Meanwhile, in the department of “Weakening radiation limits to own the libs,” John Hendrickson links to the AP report by Ellen Knickmeyer, Experts say Trump’s EPA is moving to loosen radiation limits, “turning to scientific outliers who argue that a bit of radiation damage is actually good for you — like a little bit of sunlight.” 

They’ve got receipts

At HuffPost, Ryan J. Reilly, Andy Campbell and Christopher Mathias have the latest as 4 White Supremacists Are Hit With Federal Charges Over Charlottesville Unite The Right Weekend. And “They’ve got receipts,” notes Reilly, who links to photos in the affidavit confirming the four were present and participated in the march. Mathias tweets, “We’ve updated this story with more details about the defendants. What’s abundantly clear: these charges never would’ve happened were it not for the incredible reporting of @ACInvestigates, @awinston and @DarwinBondGraha for @ProPublica and @DocumentHate.”

Oh dear…

Heather Stewart links to the story by Dan Sabbagh at The Guardian, Multiculturalism ‘robs Britain of its community’ - Tory London mayor pick.

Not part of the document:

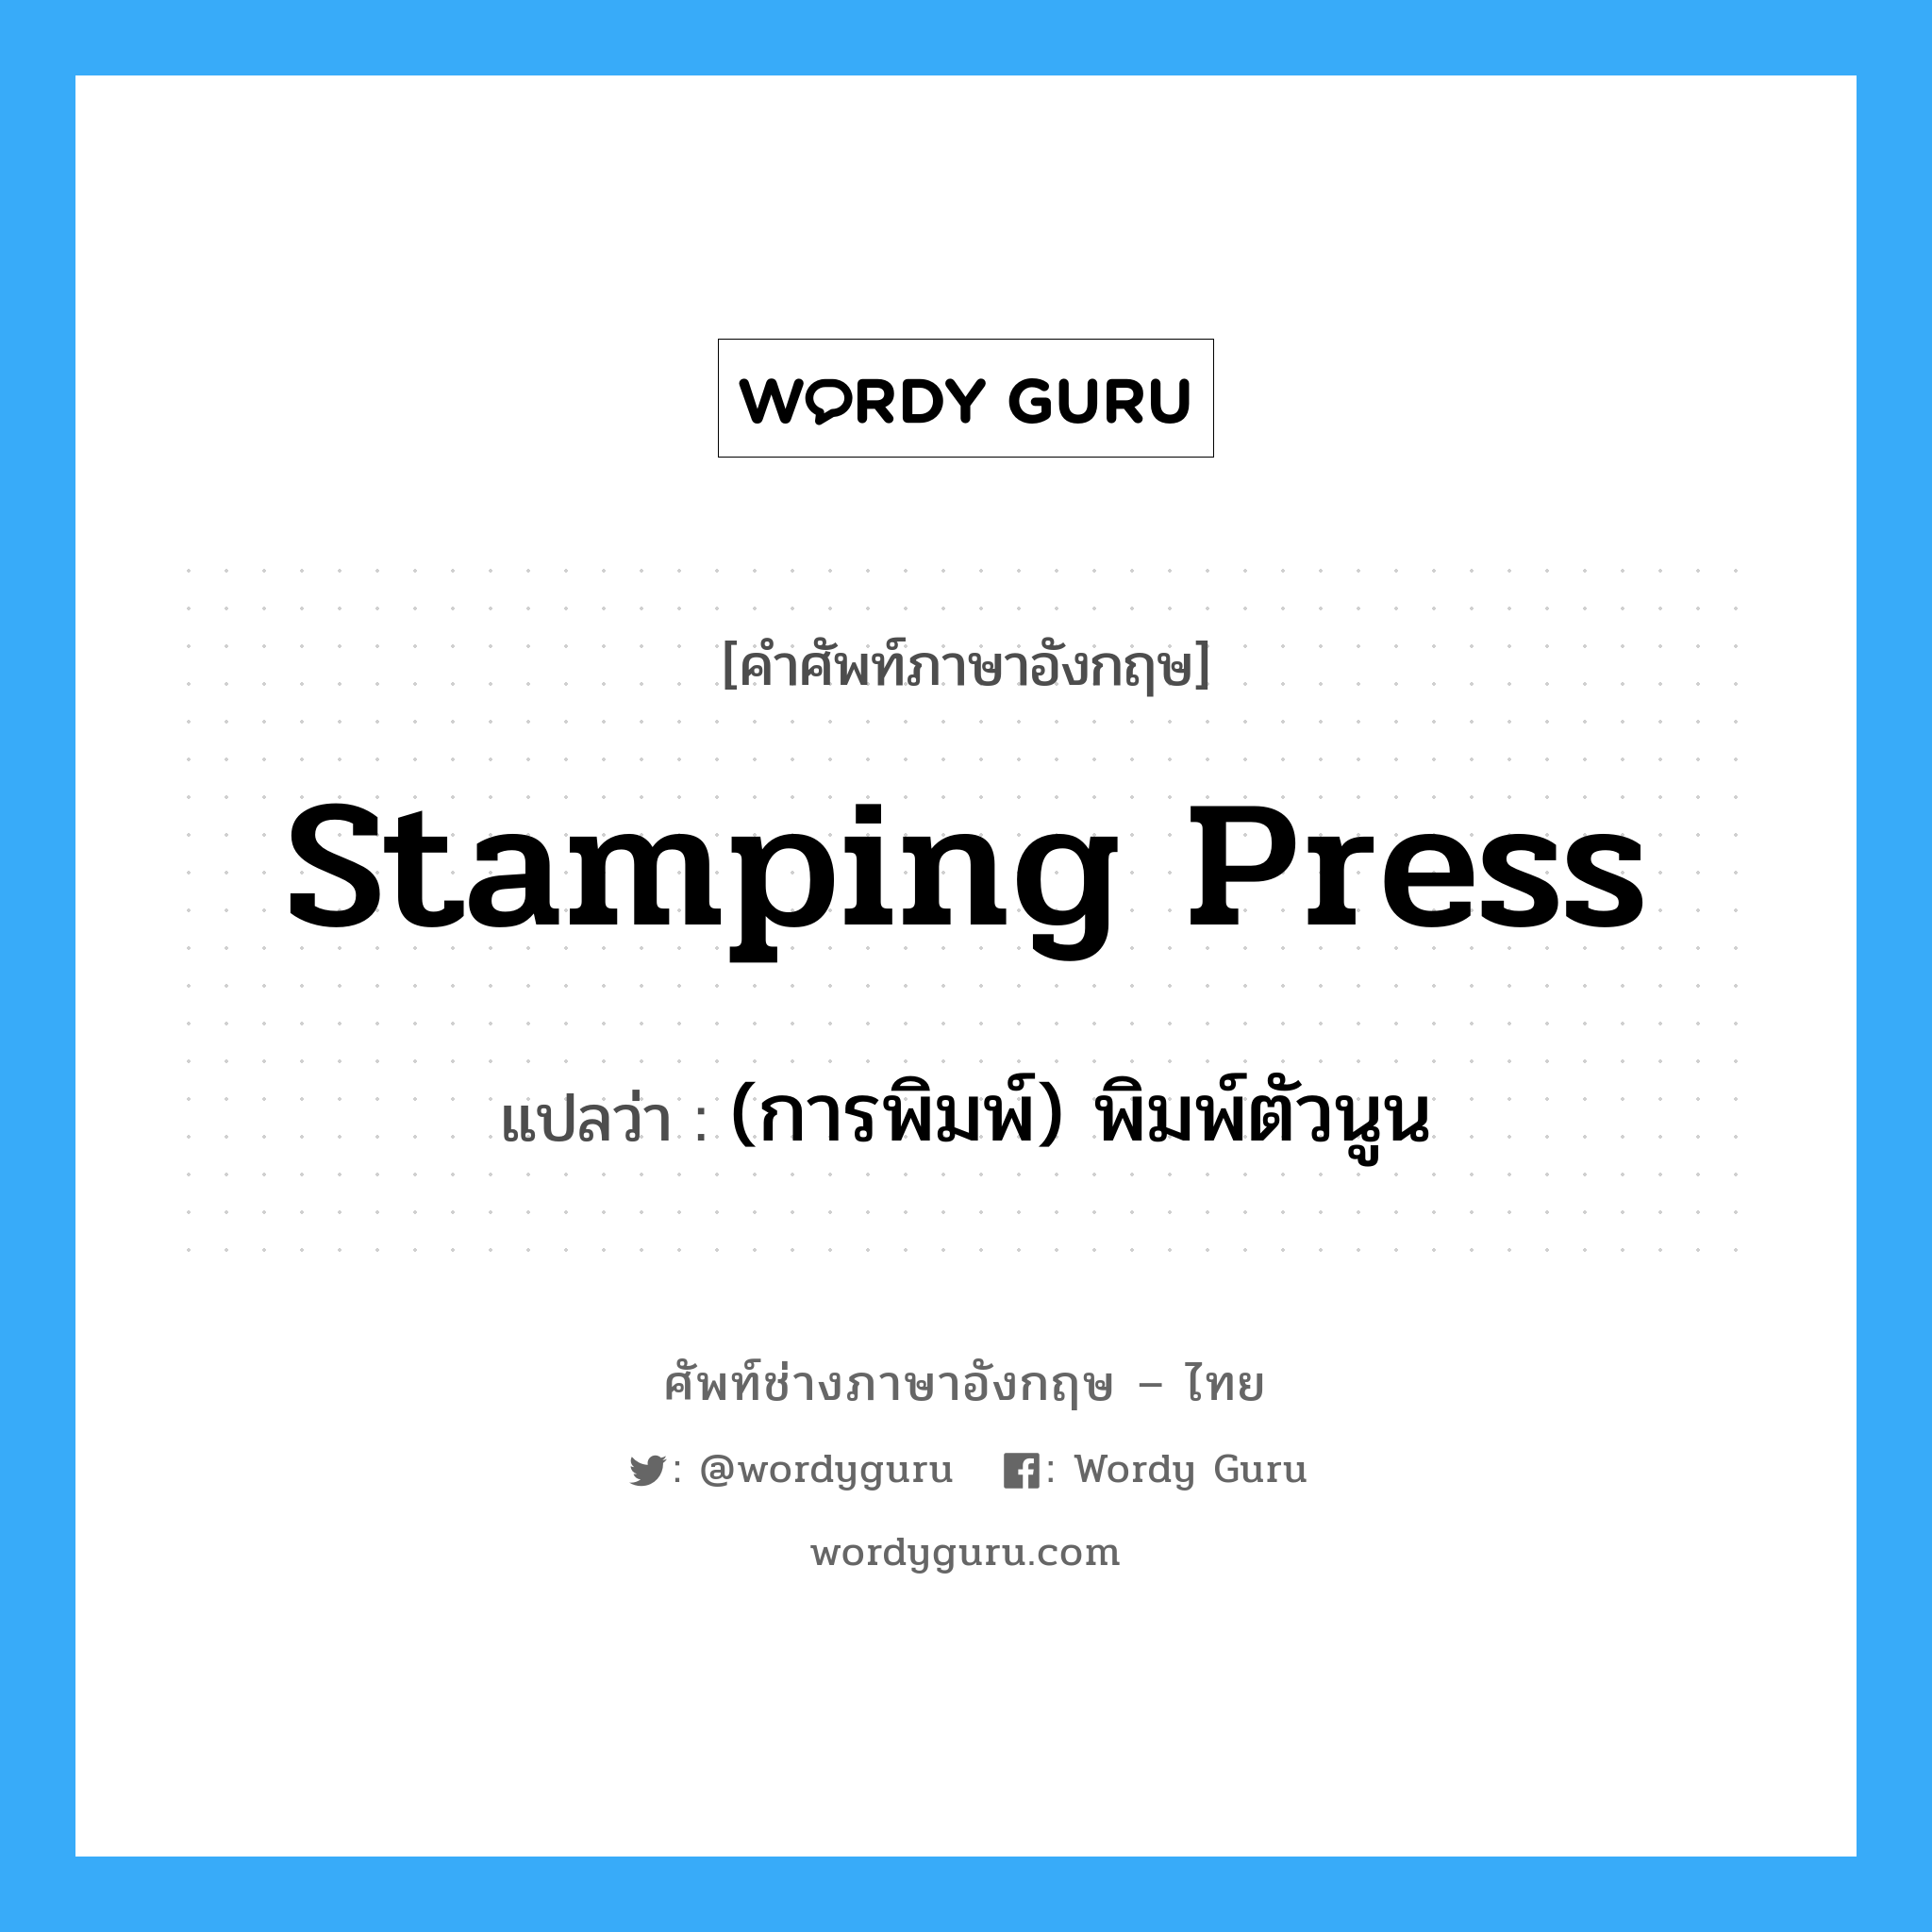 (การพิมพ์) พิมพ์ตัวนูน ภาษาอังกฤษ?, คำศัพท์ช่างภาษาอังกฤษ - ไทย (การพิมพ์) พิมพ์ตัวนูน คำศัพท์ภาษาอังกฤษ (การพิมพ์) พิมพ์ตัวนูน แปลว่า stamping press

More specifically, Shehab Khan tweets, “The Tory candidate to be Mayor of London, Shaun Bailey, said that accommodating Muslims and Hindus risks turning UK into 'crime-riddled cesspool' and that multiculturalism 'robs Britain of its community'.” “I'll take a hard pass on this, thanks,” says Samira Shackle.

Also at The Guardian, Marina Hyde writes about Theresa May v the ‘Great Twatsby’ at the Tories’ Groundhog conference, and how about that for a headline. Janine Gibson calls this piece “a brilliant romp through #cpc18,” and Rupert Myers tweets, “The only take on #CPC18 you really need is as per usual @MarinaHyde's ‘Gavin Williamson, who continues to look as though he took the rejection letter from Starfleet Academy pretty hard.’”   

A few more

At The Washington Post, Kareem Fahim reports that friends fear for the safety of prominent Saudi writer and Washington Post columnist Jamal Khashoggi. Tweets Lawrence Wright, “My friend Jamal Khashoggi appears to have been kidnapped by Saudi officials in Turkey. He's a good man. Set him free.” The veteran journalist from Saudi Arabia has recently become a vocal critic of the kingdom’s leadership. Fahim reports that friends lost contact with him while he was visiting the Saudi Consulate in Istanbul.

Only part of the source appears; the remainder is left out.